Триумфально, с языком на плече, вступаю на покорённую вершину. На вершине обнаруживается обычный жилой квартал. И маршрутная разметка. Разметка ведёт в двух направлениях. Иду по ней в одну сторону и замечаю, что спускаюсь обратно к морю. Путём применения дедуктивного анализа устанавливаю: это и есть та дорога, по которой мне изначально и следовало подниматься. Ровная и асфальтовая. Надо полагать, в какой-то момент я просто свернул не туда.
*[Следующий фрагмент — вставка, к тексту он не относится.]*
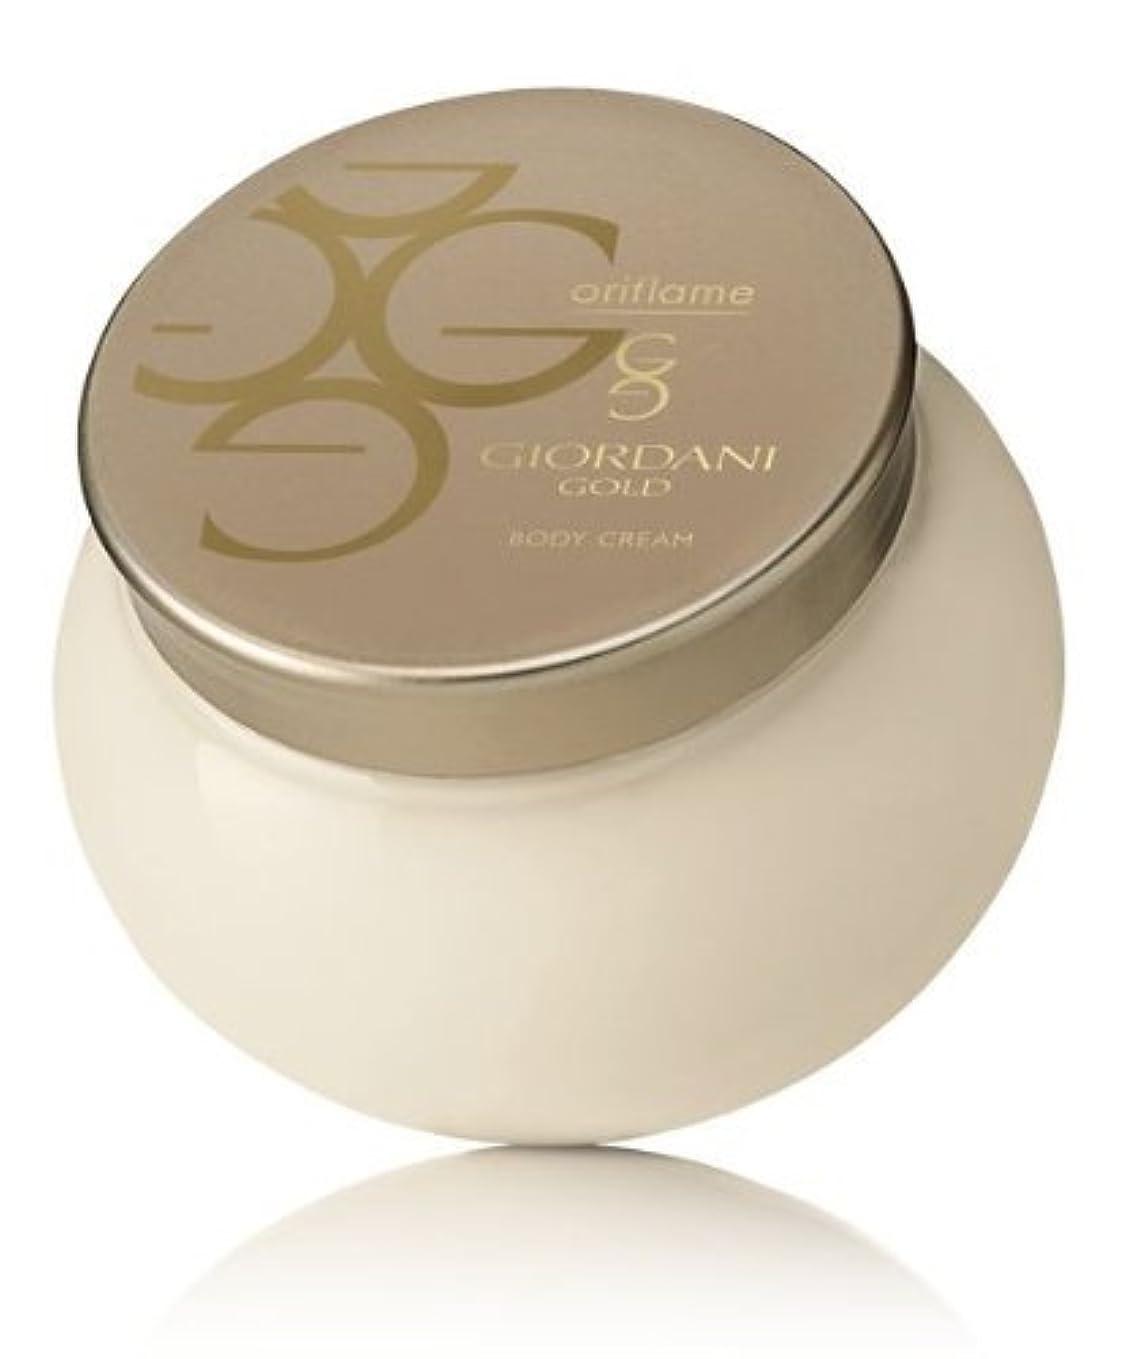 自分を引き上げる詳細に理想的Giordani Gold Body Cream by Oriflame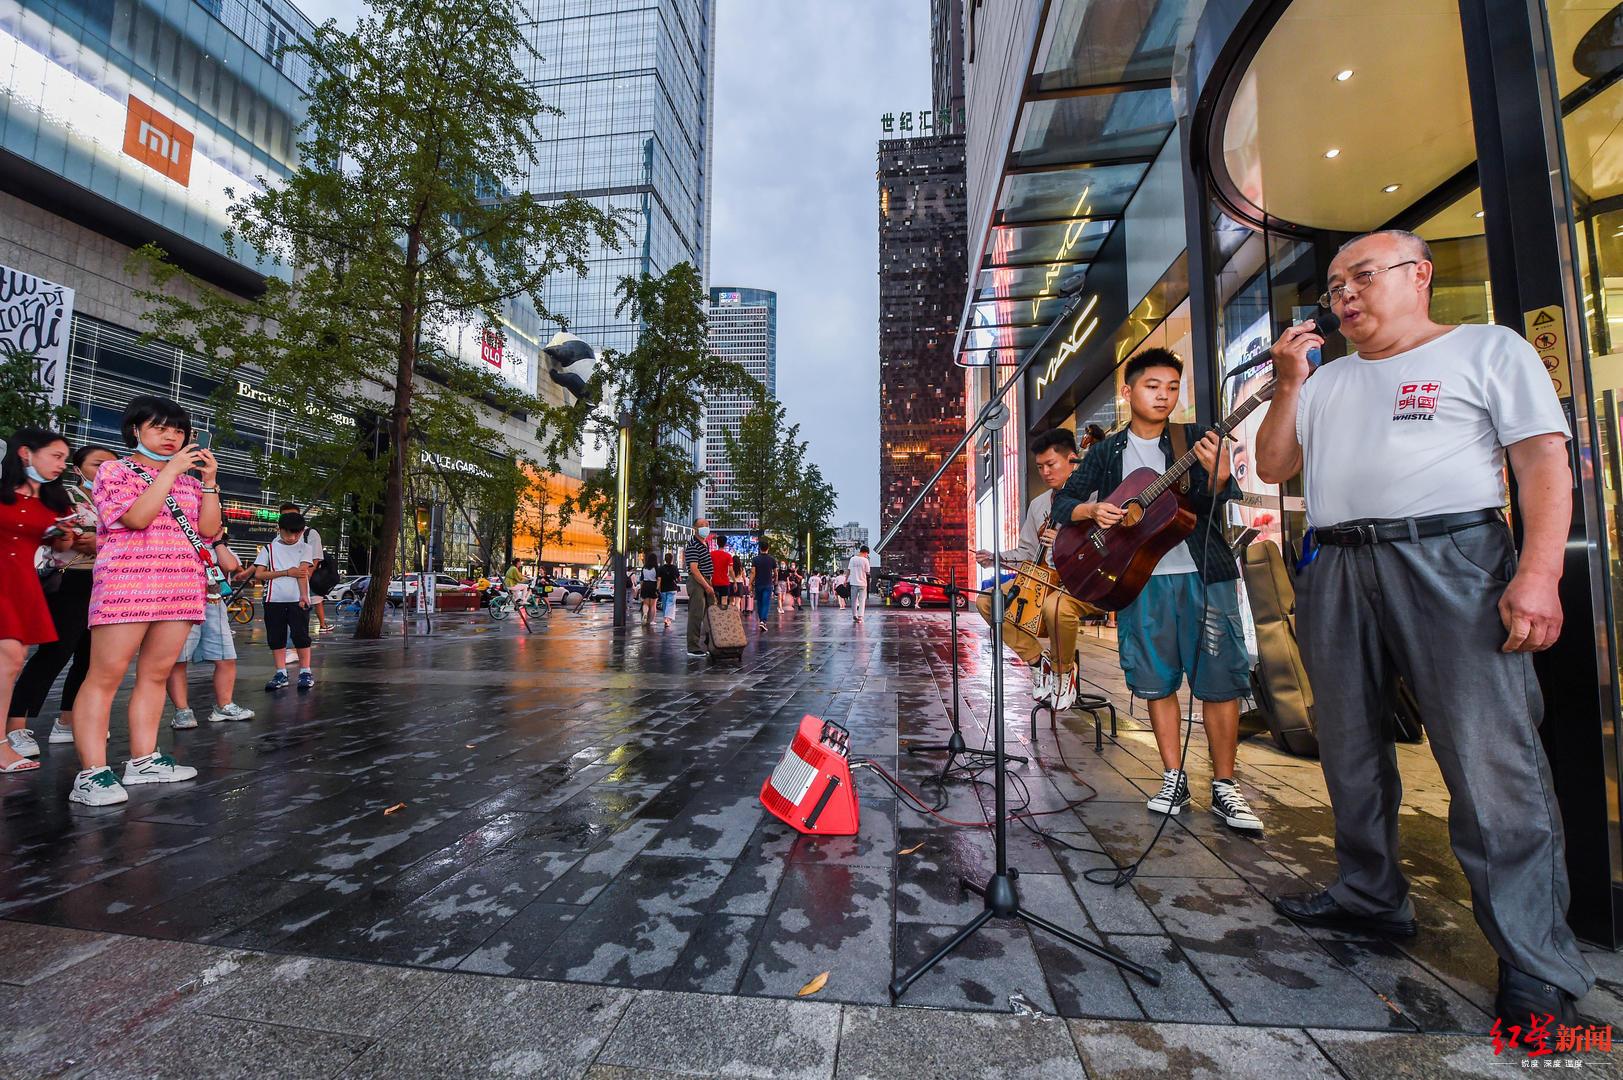 真能吹!蓉城有善口哨者:玩乐队、搞路演,能吹400多首歌!

Да, я не очень умный.

Через пару-тройку километров асфальт вместе с окружающими домами вновь заканчивается и сменяется средней паршивости грунтовкой. От самого побережья не встречал практически ни одного человека. Всё вымершее, видимо, из-за жары.

Притормаживает единственная попутная машина, водитель спрашивает, не надо ли меня подвезти. Искушение велико, но пешеходно-туристическая гордость пересиливает. Через километр вижу его вновь, он стоит на обочине и срезает с кустов какие-то ветки. Интересуюсь: а где, собственно, толпы туристов, которые, по идее, должны здесь бродить? Натыкаюсь на удивлённый взгляд. Все нормальные туристы, по его представлениям, сидят в отелях на берегу. И правильно сидят. Уверен ли, мол, я в том, что делаю, и понимаю ли, что такая прогулка в такую погоду обойдётся в десяток килограммов скинутого веса? Я далеко не уверен, но предпочитаю в этом не сознаваться. Даже себе.

Дорога забирает вверх всё круче, выжженный солнцем коричнево-бурый пейзаж не радует никак. В какой-то момент осознаю, что напрочь утратил физическую способность переставлять ноги. Нахожу единственный чахлый куст, сваливаюсь в его – относительную – тень и мгновенно засыпаю. Или теряю сознание, затрудняюсь сказать.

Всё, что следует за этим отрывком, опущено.